I made a good friend on the course called Barbara who was equally as hopeless at painting as me. I call her Matisse and she calls me Picasso. The painting here is of a village square in the hills near Saint-Paul de Vence.

2. ROGER’S ACE 

For years I’ve been a member of The Queen’s Club, where I play tennis at least three times a week. Roger Federer is, for me, the greatest player of all time. 

All the big stars practise at Queen’s prior to Wimbledon and I’d go and watch Roger warm up. In 2012, my then boyfriend managed to get him to sign for me the last tennis ball he played with when he won Wimbledon that year.

3. I URNED IT 

Elaine Paige treasures a Wedgwood urn, which will probably house her ashes and be placed in the Prince Edward Theatre

Elaine Paige treasures a Wedgwood urn, which will probably house her ashes and be placed in the Prince Edward Theatre

In 1978 I won Performance of the Year in a Musical for Evita in the Society of West End Theatre Awards. 

I was given this Wedgwood urn, which will probably house my ashes and be placed in the Prince Edward Theatre.

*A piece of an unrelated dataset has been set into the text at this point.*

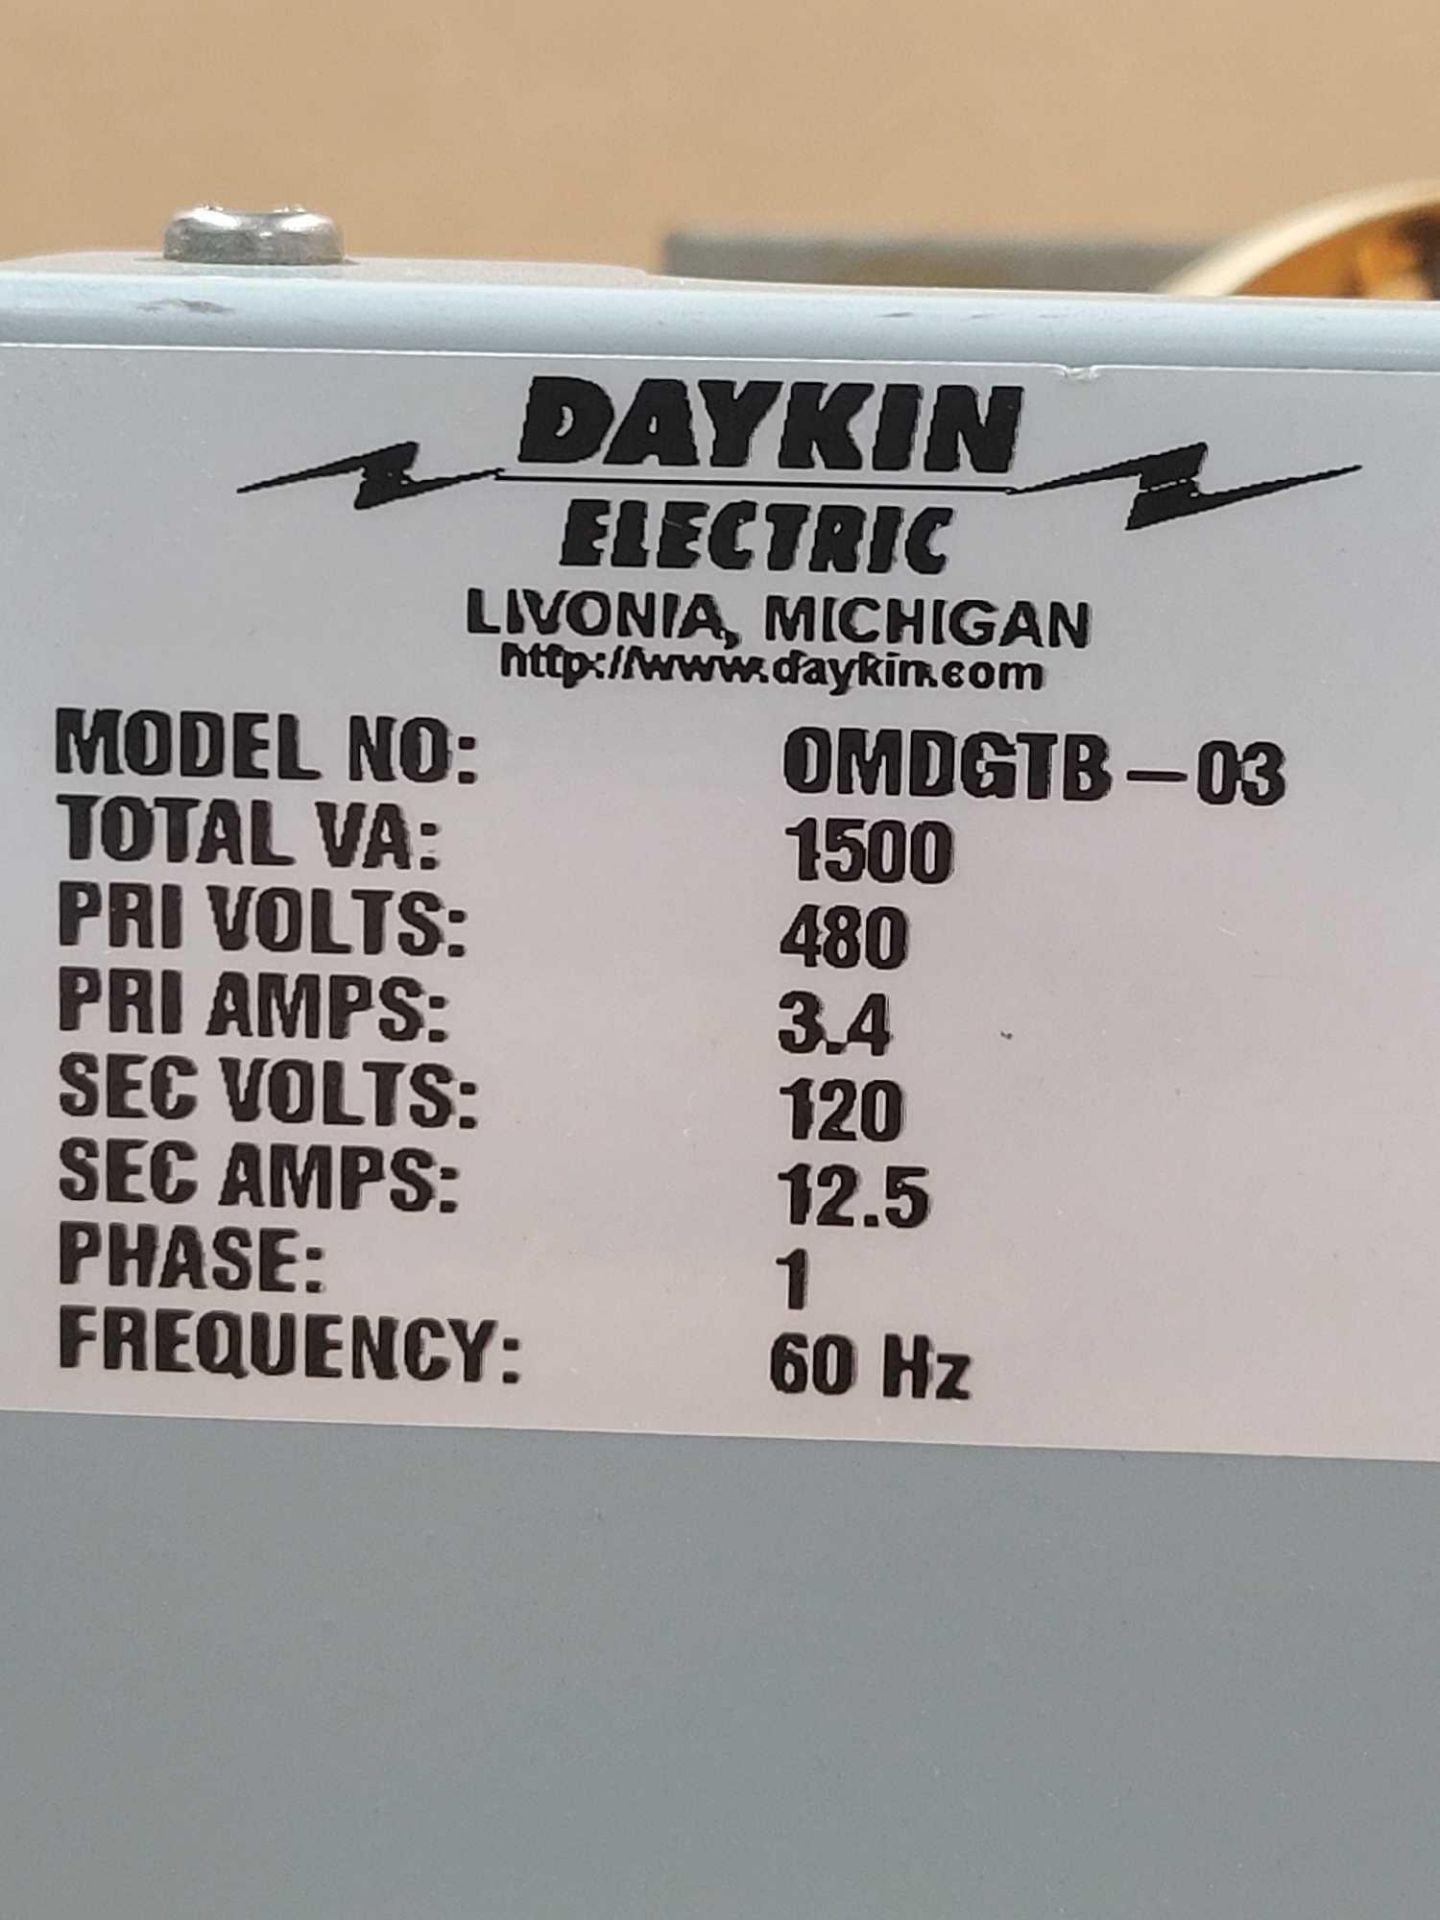 DAYKIN ELECTRIC 0MDGTB-03 with DAYKIN ELECTRIC TL4100 / Transformer Disconnect Switch with Transform - Image 6 of 9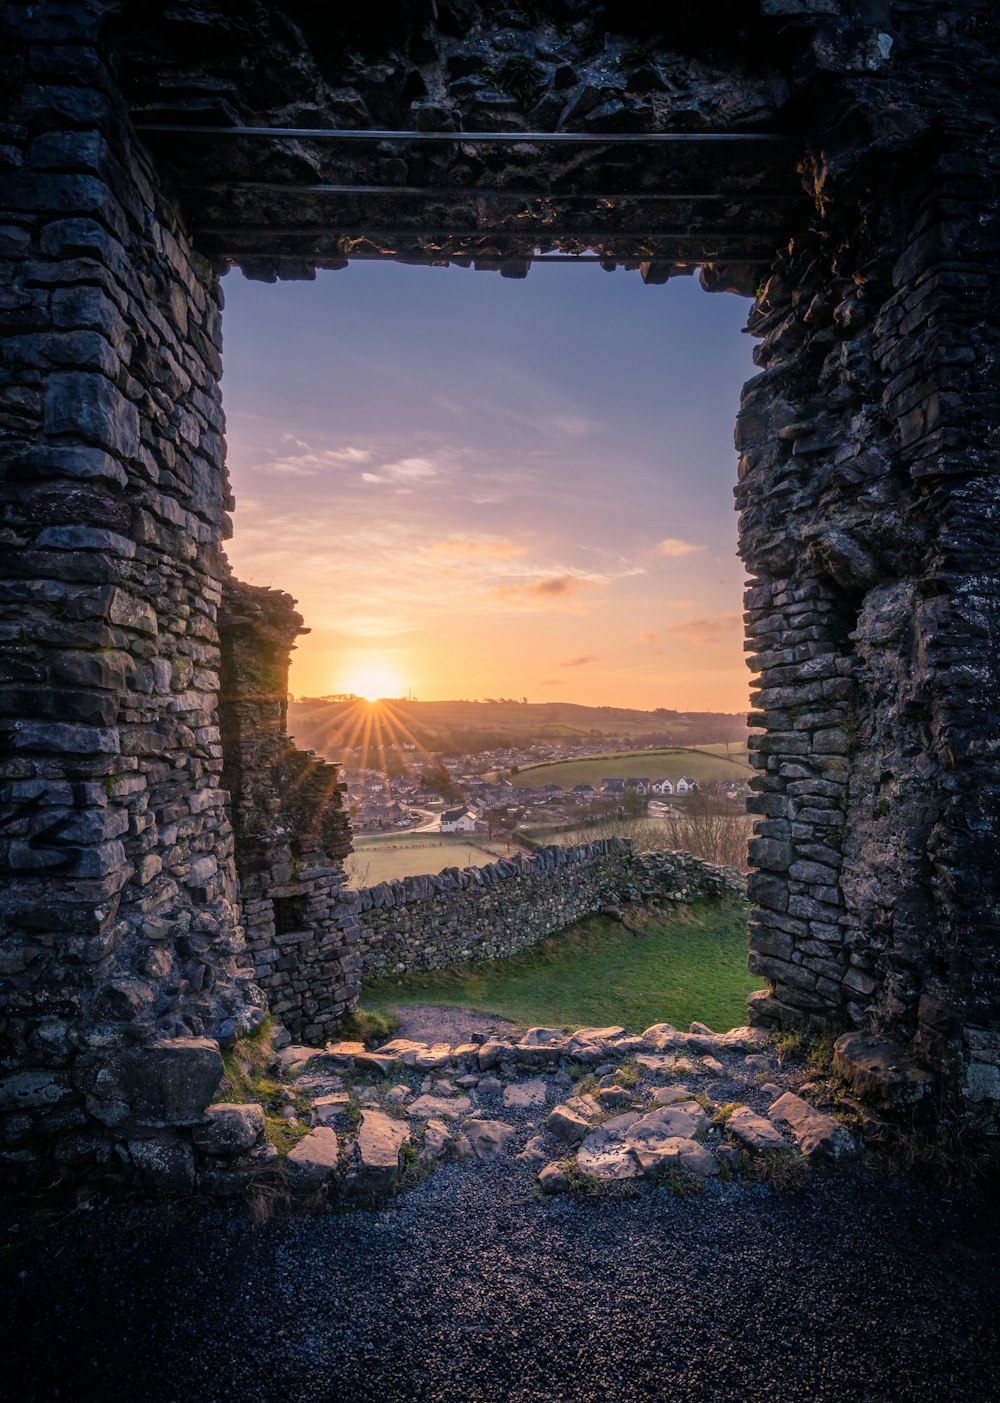 the sun is setting through a window in a stone structure

It was there that I starred in Chess and Anything Goes as well as Evita – they’d scoured the world to find the actress to play her. Evita changed my life.

4. HATS OFF TO MUM 

My mother Irene was a milliner. She used this old wooden headblock to create hats for her shop opposite our maisonette in Barnet, north London. 

She covered the block in a hard, straw-like material that formed the base of the hats and which she softened by laying it first in a bath of cold water. 

I’ve taken it with me into every dressing room when I’ve been appearing on stage – I use it for wigs. I wish now I’d kept one of Mum’s hats.

5. WELL HEELED 

Because I’m only 4ft 11in, I’ve always worn high heels. These are a pair of Jimmy Choos. My feet are so small – English size 2½ – that I’ve always found it impossible to find shoes in the UK to fit me.

So when I started performing abroad I used to say to my manager, ‘You must make sure Hong Kong is on the tour,’ as you can get smaller sizes there.

I’d come back home with dozens of pairs of shoes, which I still have because they’re so beautiful. But my knees won’t allow me to walk in them any more.

6. BROADWAY OR BUST 

This bust is from the set of Sunset Boulevard in London, which I performed in during the mid-90s. It’s meant to be of my character in the show, Norma Desmond. When the musical finally closed, they let me take it home with me. 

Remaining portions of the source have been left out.